The device needs power and some way to transmit information (signal).

Power would be a difficult path to locating the device. It could be inside another electronic, like a clock, TV, or smoke detector. It may also have a battery to continue working for some time after it's unplugged. It could theoretically be in a wall / junction box "hardwired" into the home power.

It probably must either be connected to the local (home) network, broadcast electromagnetic signals (cellular, or generic short/medium-range RF), or the perpetrator must drive by periodically, presenting or accepting connections to a unique SSID.

If the listening device is using WiFi, it's relatively easy to buy a new router (to ensure there is no listening device inside the router itself) and set it up with a new SSID+Password, and configure it to only allow devices on a "whitelist" of specific MAC addresses. However, this won't help if it's connected to a neighbor's WiFi or using something like Amazon Sidewalk.

If the device might be using a Cellular modem or analog RF: SDR's (Software Defined Radios) could be used to scan for signals between 800MHz to 6GHz to triangulate the sources of any wireless signals (this range would cover analog RF, cellular, and WiFi). As long as the device is regularly/frequently emitting signals, the homeowner could turn off each device (Phones, laptops, TV's, smart thermostats/appliances, router, etc) that emits signals between 800MHz - 6GHz. Some items may surprise you - portable HEPA air filters or body weight scales or smoke detectors might all have benign wireless emissions - for these, it would be good to identify their model # and check if they are advertised as having "smart" features. It's also possible that one of these devices might have been opened and a recording device placed inside, in which case you can't rule them out completely except by selling and replacing them all.
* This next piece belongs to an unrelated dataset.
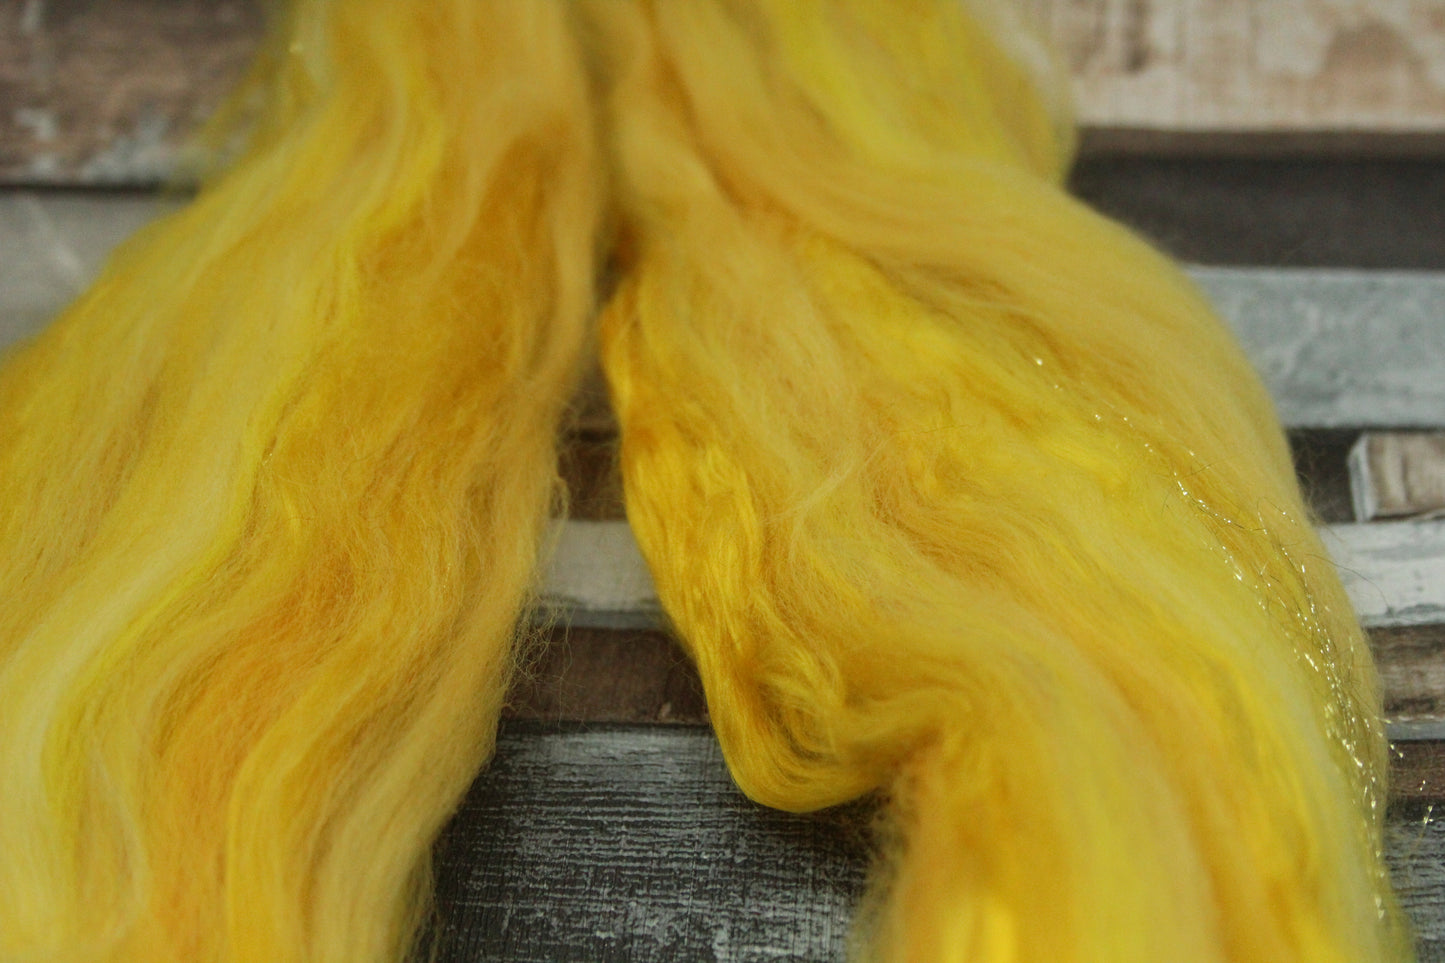 Merino Wool Blend - Yellow - 21 grams / 0.7 oz  - Fibre for felting, weaving or spinning

However, there is a small chance (given that "the stalker is not technical at all") that the device could lie completely dormant until it receives a "wake-up" signal on a particular RF frequency (the stalker would drive by and emit the "wake-up" signal and then the device would respond by sending the recorded audio). If that's the case, you'd probably need multiple SDR's monitoring 24/7, and calculating the approximate triangulated position of each source. Rule out all the sources of frequent RF emission, and then have the system notify whenever a new signal is found near the home, and try to locate it and rule it out.

It's a pretty tough problem.

But most likely, it's using WiFi, or maybe a cellular modem. The homeowner's WiFi/network is easy to lock down. However, if it's using a neighbors WiFi or a cellular modem, you'll likely need to use an SDR. If it's super advanced, you'll need to use a constellation of multiple SDR's with 24/7 monitoring to locate it.

The most advanced but still technically feasible technique to find a listening bug would be to use a "Non-Linear Junction Detector". They start at about $15,000 and will find pretty much any semiconductor in the building. But the device may be hidden inside of an actual appliance (TV/etc) or dressed up as a "normal" electronic device (like a bedside clock or smoke detector). So this would only be useful for finding some small electronic device that's not, itself, already hidden in some electronic appliance.